Answers Generation¶
Answers are direct, concise responses generated by SearchAI using advanced AI models. They are designed to provide users with immediate and most relevant information based on their queries.
Components of an Answer¶
- Answer Text: The generated response addressing the user's question.
- Snippet Reference: A link to the source as a citation for further reading.
Answer Configuration¶
This section is used to configure the type of answers to be presented to the users. There are two types of Answer generation techniques supported:
- Extractive Answers: The topmost chunk retrieved in response to the user query is directly presented to the user as answers. The extractive answers are exact content retrieved from the chunks without any change in text. Provide the following configurations for extractive answers.
- Response Length- This is the expected length of the answer, in tokens.
- Generative Answers: The top chunks retrieved in response to the user query are sent to the configured LLM, which generates a paraphrased answer from the content in the chunks. Integrate LLM and Enable Answer Generation in the Generative AI Tools configuration.
Chunk Configurations
- Token budget for Chunks: This parameter specifies the total number of tokens that can be included in the chunks sent to the LLM for processing. This allows users to fully utilize the LLM’s context-handling capabilities. This has a default value of 20,000 and can take a maximum value of 10,00,000.
The context size of an LLM refers to the maximum number of tokens the model can process in a single interaction. This includes: * Tokens for the prompt, instructions and context information sent to the LLM. * Tokens for the Output, i.e. the response generated by the LLM.
To determine the maximum value of this parameter, subtract the tokens used for both the prompt and the output from the maximum context size of the language model (LLM).
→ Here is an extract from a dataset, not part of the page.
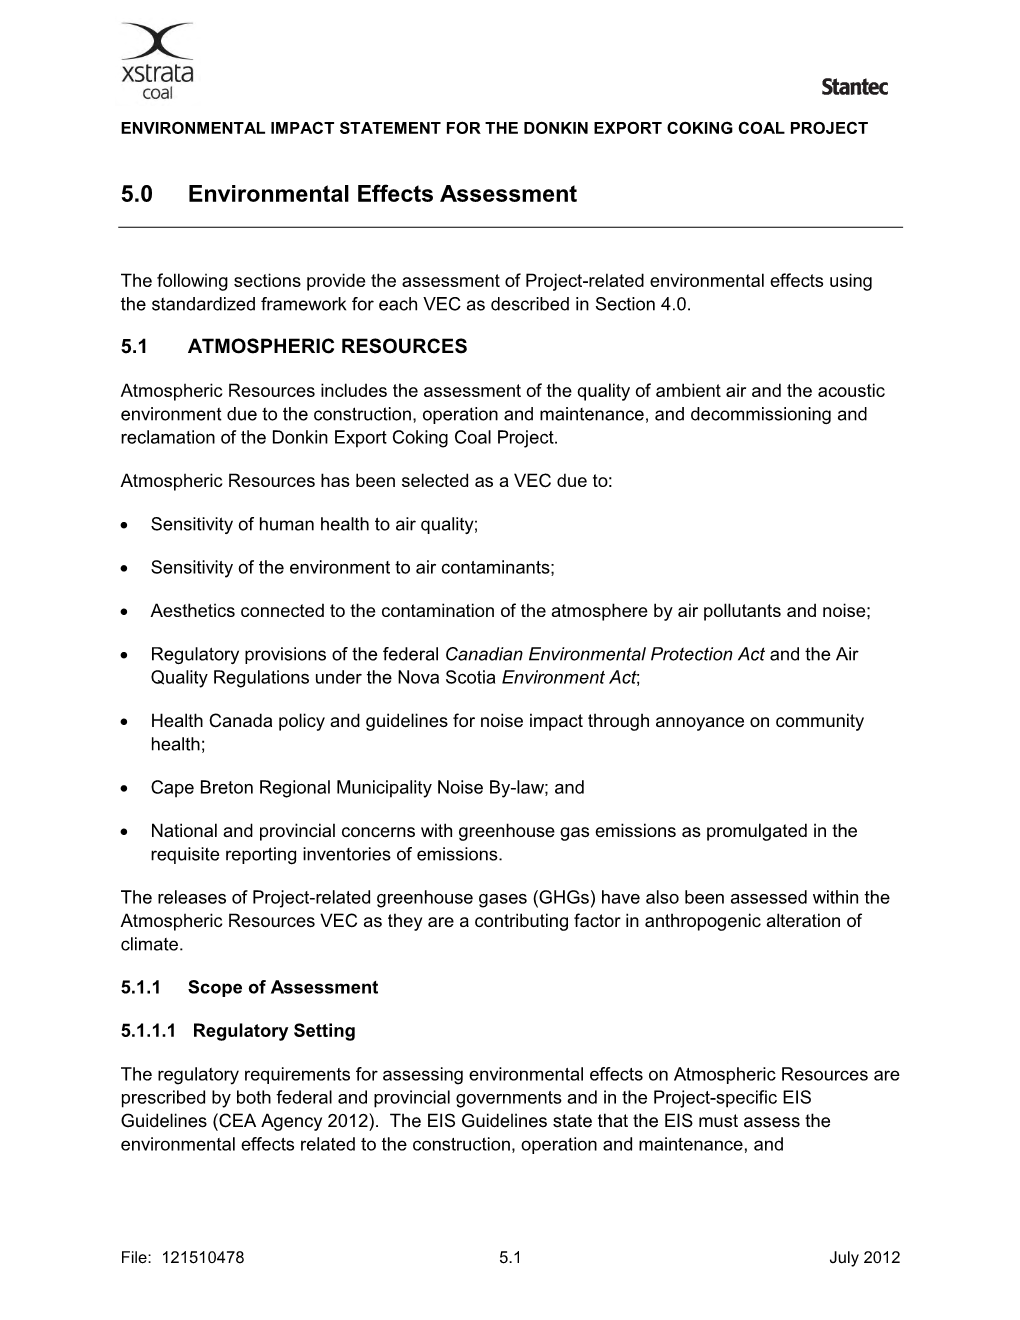 5.0 Environmental Effects Assessment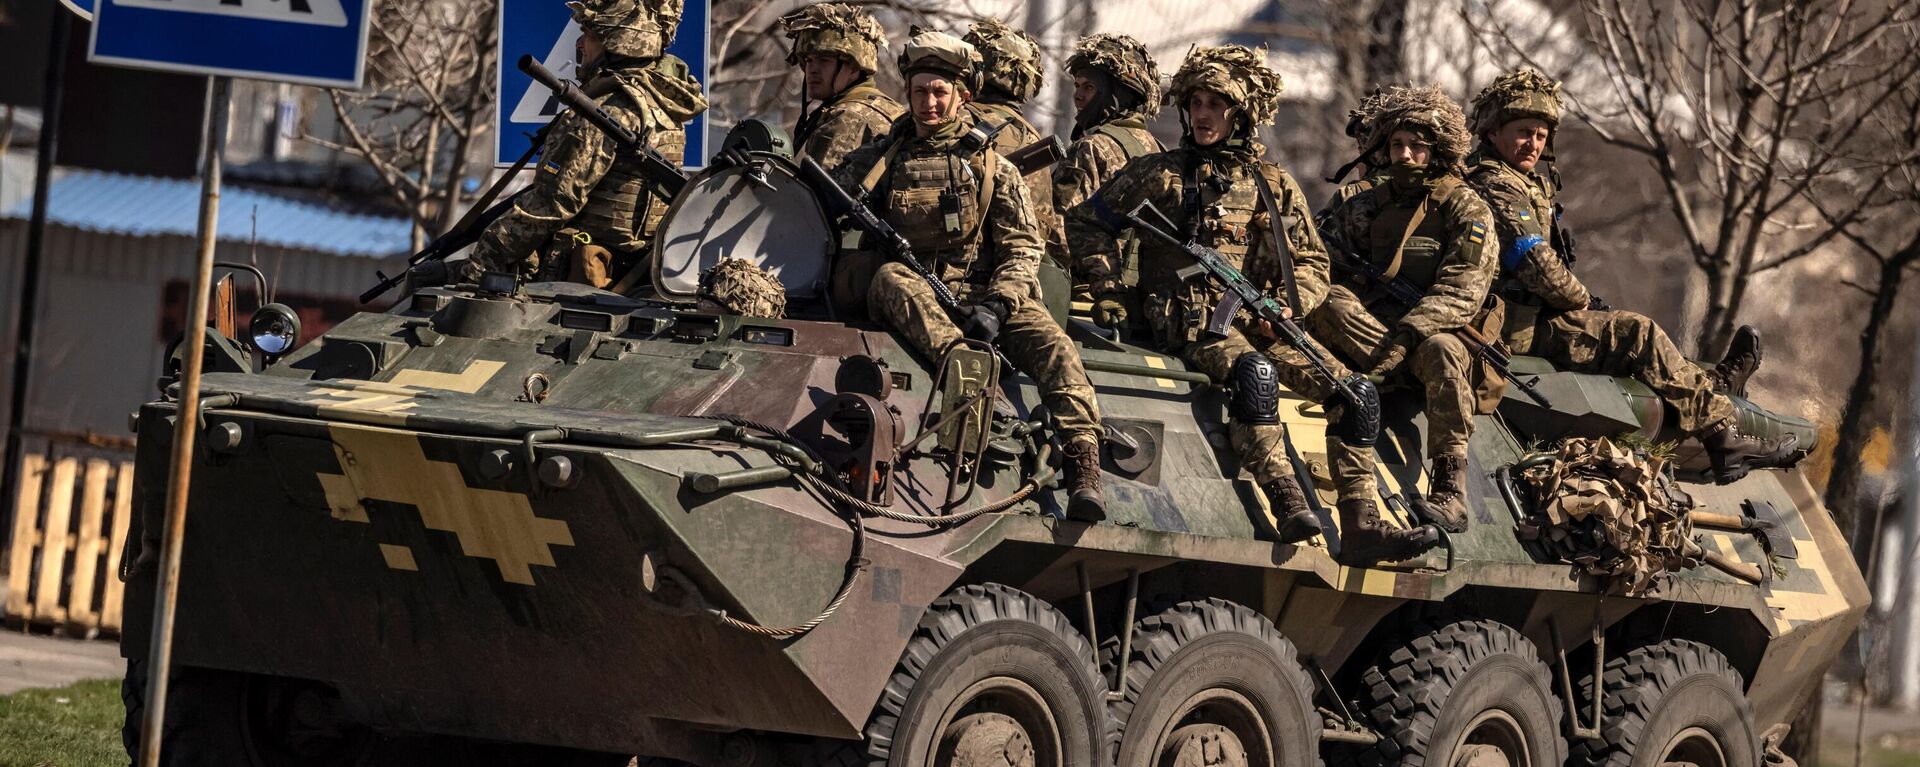 Украинские солдаты сидят в бронетранспортере в городе Северодонецк, Донбасс - Sputnik Azərbaycan, 1920, 06.06.2022

For instance, for a 4,096-token context, if the prompt uses 500 tokens and the response uses 500 tokens, the remaining 3096 tokens can be used for sending the chunks. This is the maximum value that this parameter can take. If each chunk is of 500 tokens, top 6 chunks are sent to LLM as context. If, however, a limited number of chunks are to be sent, let's say, top 3, set this field to 1500.
- Enable Document level Processing: Use this configuration to enable sending full documents to the LLM instead of just chunks. This is particularly useful when relevant information is distributed across multiple chunks, and sending only a few may result in incomplete or suboptimal answers. When this option is enabled, Search AI identifies and sends complete documents associated with the most relevant chunks, up to a defined token budget, to the LLM. This ensures richer context and improved response accuracy for complex queries.
- Token budget for Documents: Specifies the maximum number of tokens that can be used when sending document content to the LLM. If the content of a document exceeds the defined limit, only the portion that fits within the token budget will be sent. This setting ensures that LLM context limits are respected while maximizing the amount of useful information provided.
- Valid Range: 1,000 to 100,000 tokens
- Default Value: 50,000 tokens
-
Chunk Order: This configuration sets the order of qualified chunks sent to the LLM in the Prompt. The order of data chunks can affect the context and thereby, the results of a user query. The decision to use a specific chunk order should align with the goals of the task and the nature of the data being processed.
Most to Least Relevant: In this case, the chunks are added in descending order of relevance, i.e., highest relevance to the lowest, followed by the query. For instance, if the top five chunks are to be sent to the LLM, the most relevant chunk is added first, and the least relevant chunk is added at the end.
Least to Most Relevant: In this case, the chunks are added in ascending order of relevance. The least relevant chunk is added first, and the most relevant chunk is at the end, followed by the query.
Feedback Configurations This parameter is used to enable the feedback mechanism in answers. When this is enabled, the web SDK automatically includes the feedback options for the users. The feedback shared by the users is presented as part of Answer Insights analytics.
Select Generative Model Select the model for generating answers. If multiple models are configured, all configured models will be listed.
Answer Prompt Select the prompt to be sent to the model to generate answers.
Temperature This parameter controls the randomness of the output. It affects how deterministic or creative the responses are, and tweaking the temperature can significantly change the generated answers. The lower the temperature, the lesser the randomness.
Response Length This is the expected length of the answer in tokens.